[Task]
In the entries below, find the line with "Post-Modern Golem chairs" and the line with "Earrings shell charm and bead - gold h5", then retype both and everything between them exactly. Do not copy the pictures.

[Data shown]
··········

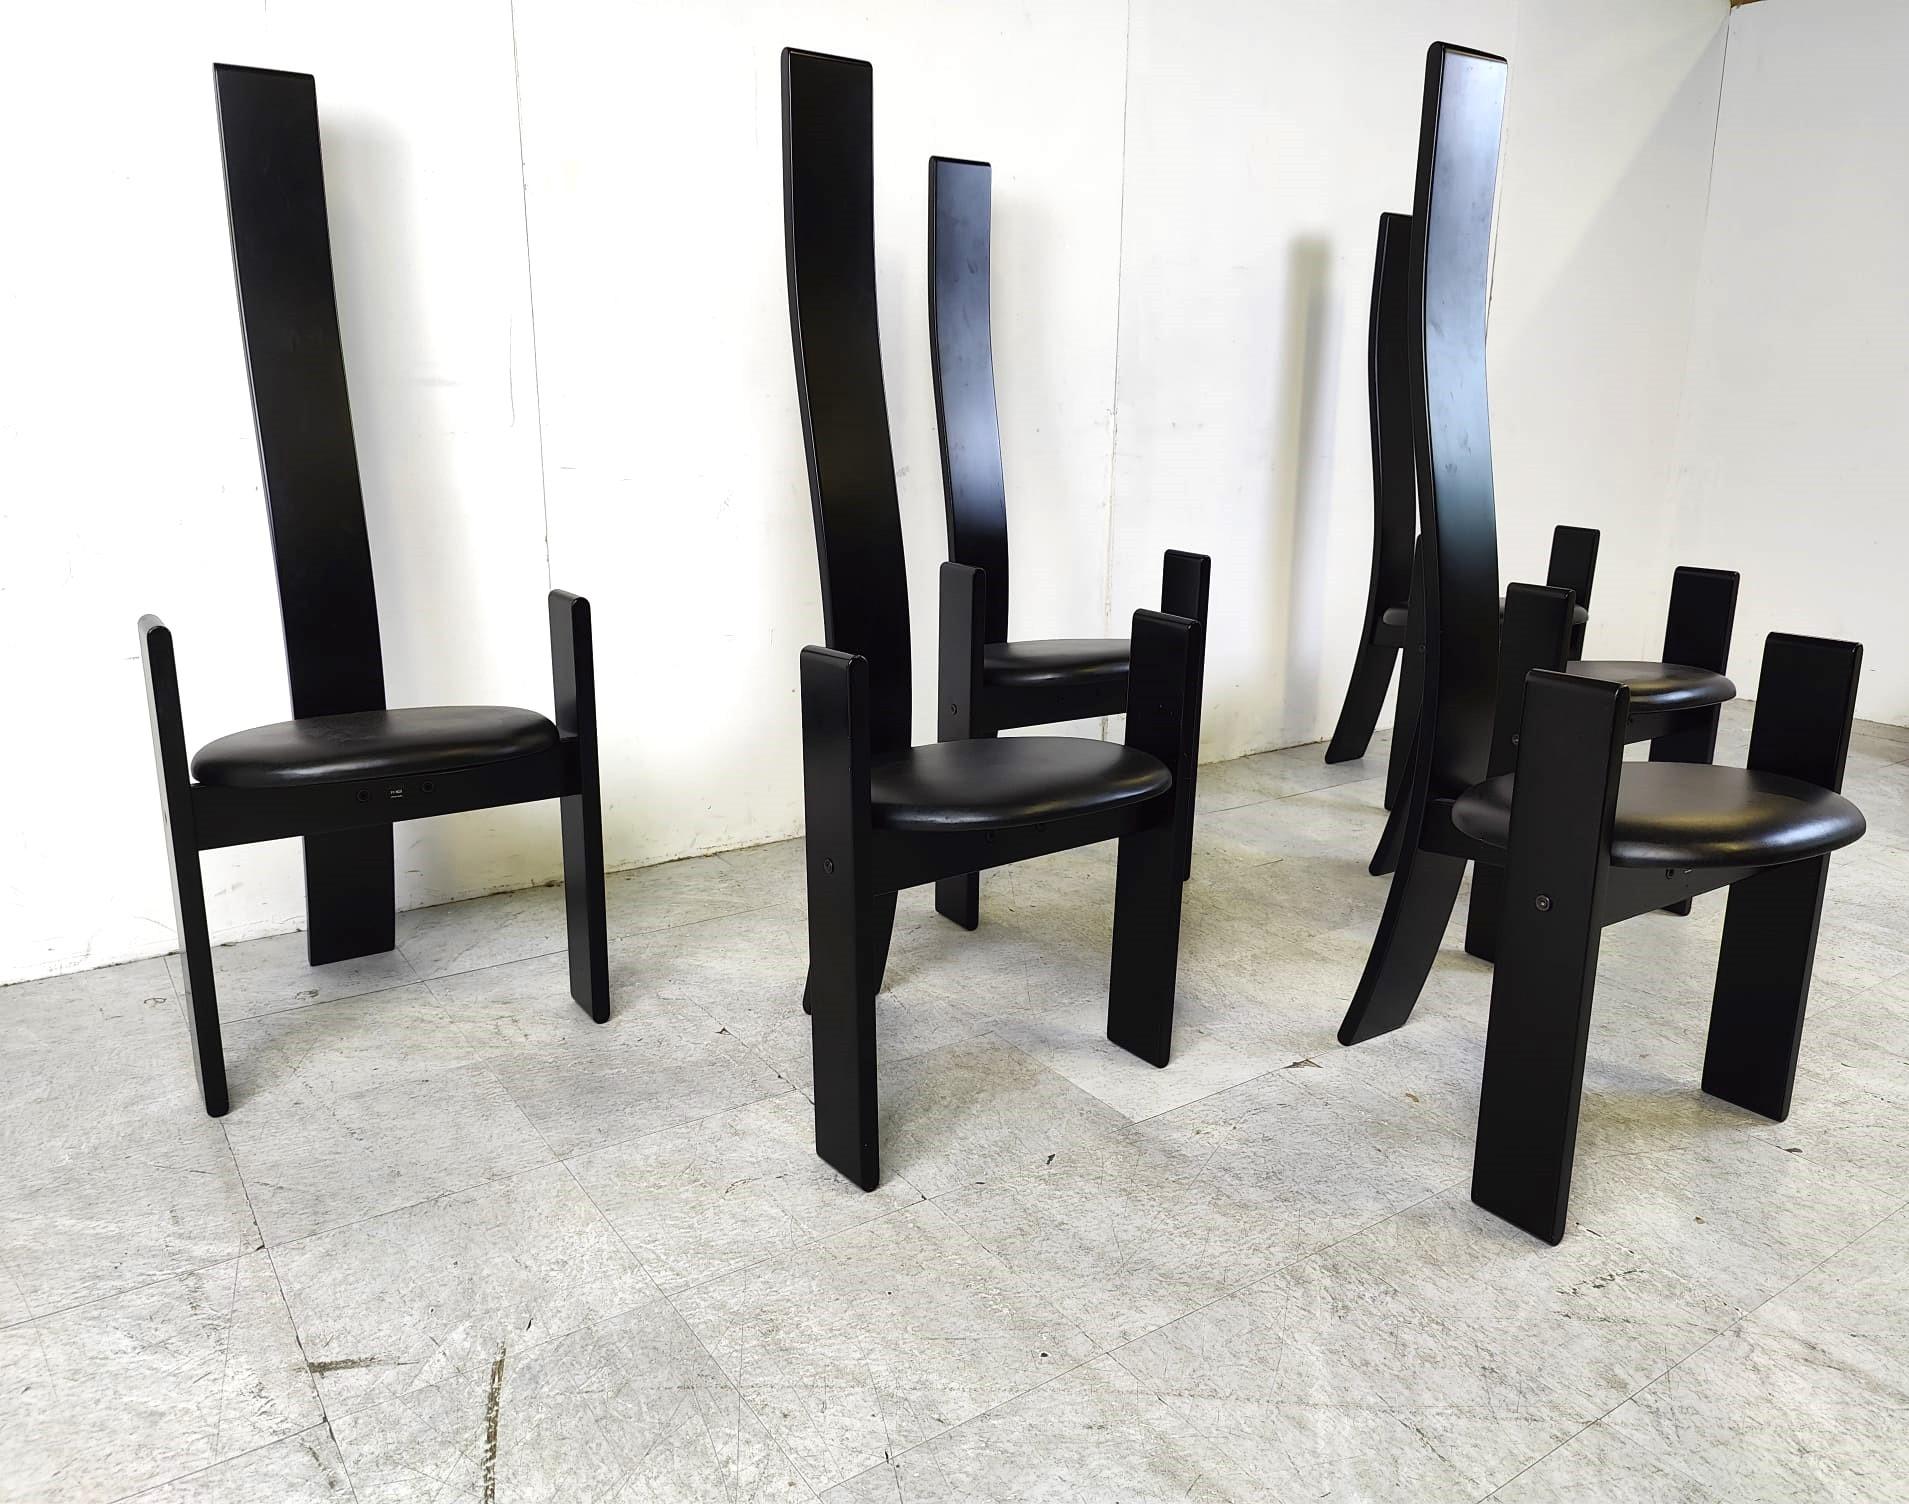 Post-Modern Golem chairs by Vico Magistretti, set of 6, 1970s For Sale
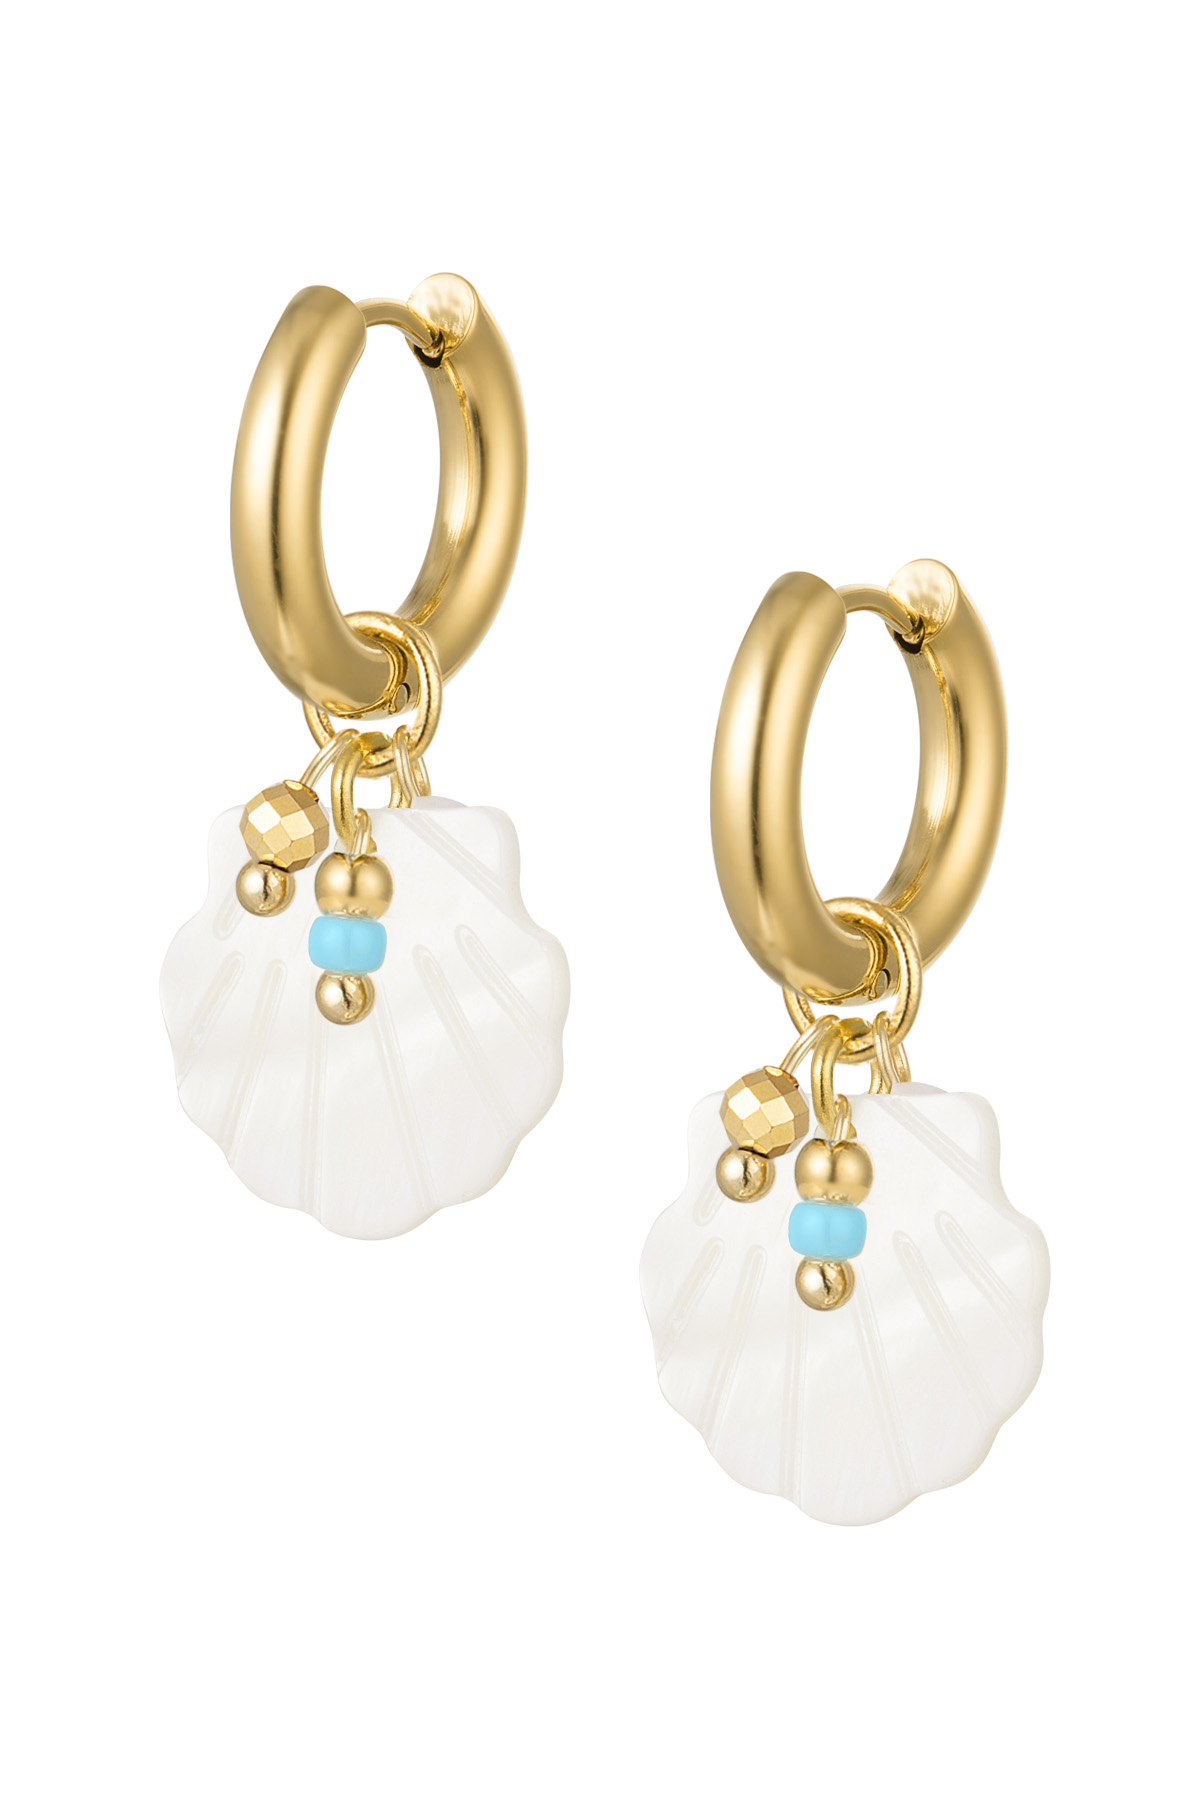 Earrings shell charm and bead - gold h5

··········

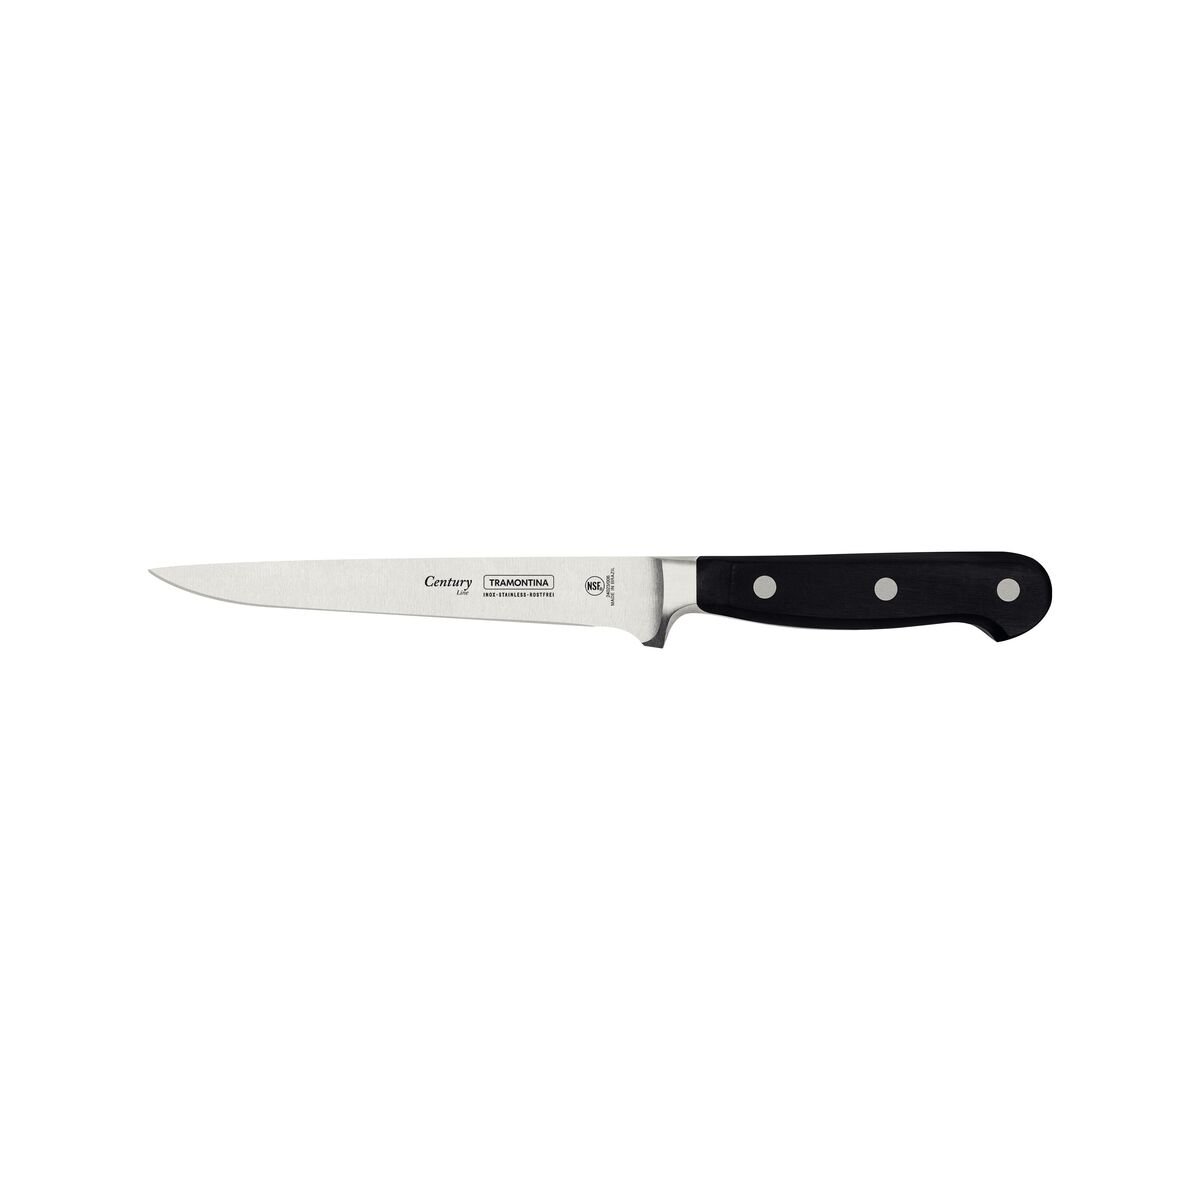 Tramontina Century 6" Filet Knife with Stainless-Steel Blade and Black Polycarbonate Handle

··········

[Final answer]
 Post-Modern Golem chairs by Vico Magistretti, set of 6, 1970s For Sale
 Earrings shell charm and bead - gold h5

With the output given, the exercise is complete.